Further, when the driving rod 22 is not engaged with the coupling groove 16, the air inlet 51 is located below the mounting ring 1 and shielded by the mounting ring 1, thereby preventing foreign materials and dust from contaminating the air passage 53. When the driving rod 22 is engaged with the connecting groove 16, the air inlet 51 is gradually moved toward the center of the mounting ring 1 until it is engaged with the air passing hole of the driving rod 22.

Further, when the locking rod 32 is inserted into the locking hole 33, the air passing hole of the driving rod 22 is matched with the air inlet 51 of the slider.

Furthermore, the interior of the implanter 55 is further provided with a boosting piston 58 capable of promoting the external recombinant human epidermal growth factor solution 56 to be discharged towards the micro-channel 57, and both sides of the boosting piston 58 are in sealing contact with the inner side wall of the implanter 55. And a driving spring 59 is arranged on one side of the boosting piston 58, which is far away from the external recombinant human epidermal growth factor solution 56, one end of the driving spring 59 is fixedly connected with the boosting piston 58, and the other end of the driving spring 59 is fixedly connected with the inner wall of the implanter 55.

Under the action of external air pressure, the driving spring 59 expands and contracts, and the boosting piston 58 moves towards the micro-channel 57 to press the external recombinant hEGF solution 56.

By providing the boost piston 58 to limit the position of the recombinant hmf solution 56, the recombinant hmf solution 56 is prevented from flowing back into the slider 12 through the air tube 54 when the patient changes posture (e.g., the patient turns over on the bed, changes from a lying state to a sitting or standing state). In addition, the boosting piston 58 can better press the external recombinant human epidermal growth factor solution 56 to the micro-channel 57 for discharging into the sinus.

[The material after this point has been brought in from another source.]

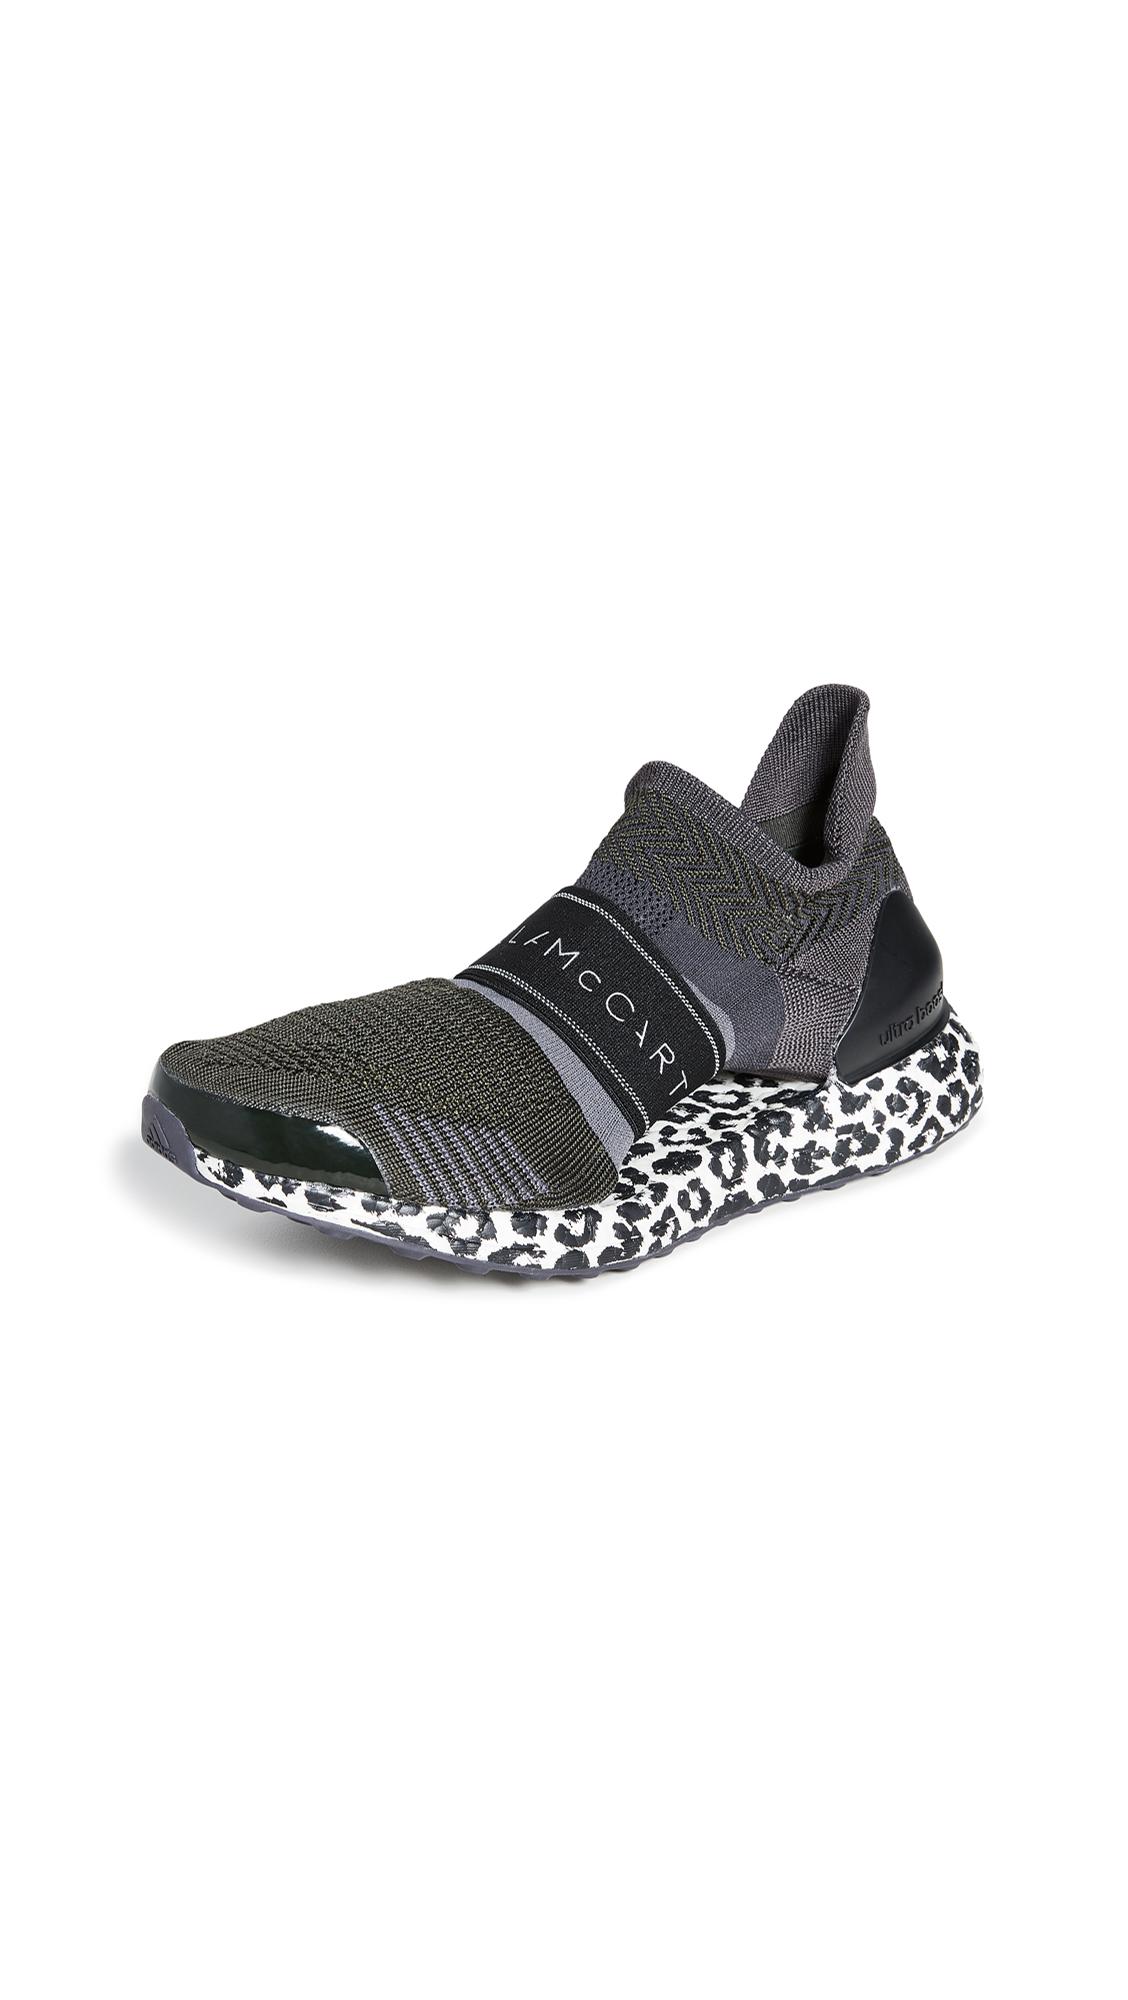 Buy adidas by Stella McCartney online - photo of adidas by Stella McCartney UltraBOOST X 3D Sneakers

Furthermore, eight inflation ports are formed in the upper end face of the gas storage ring body, the eight inflation ports are in one-to-one correspondence with the eight gas storage cavities 5 respectively, each inflation port is provided with a rubber plug 60, and the rubber plugs 60 can be matched with syringe needles.

The specific embodiments are only for explaining the present invention, and the present invention is not limited thereto, and those skilled in the art can make modifications without inventive contribution to the present embodiments as needed after reading the present specification, but all of them are protected by patent law within the scope of the claims of the present invention.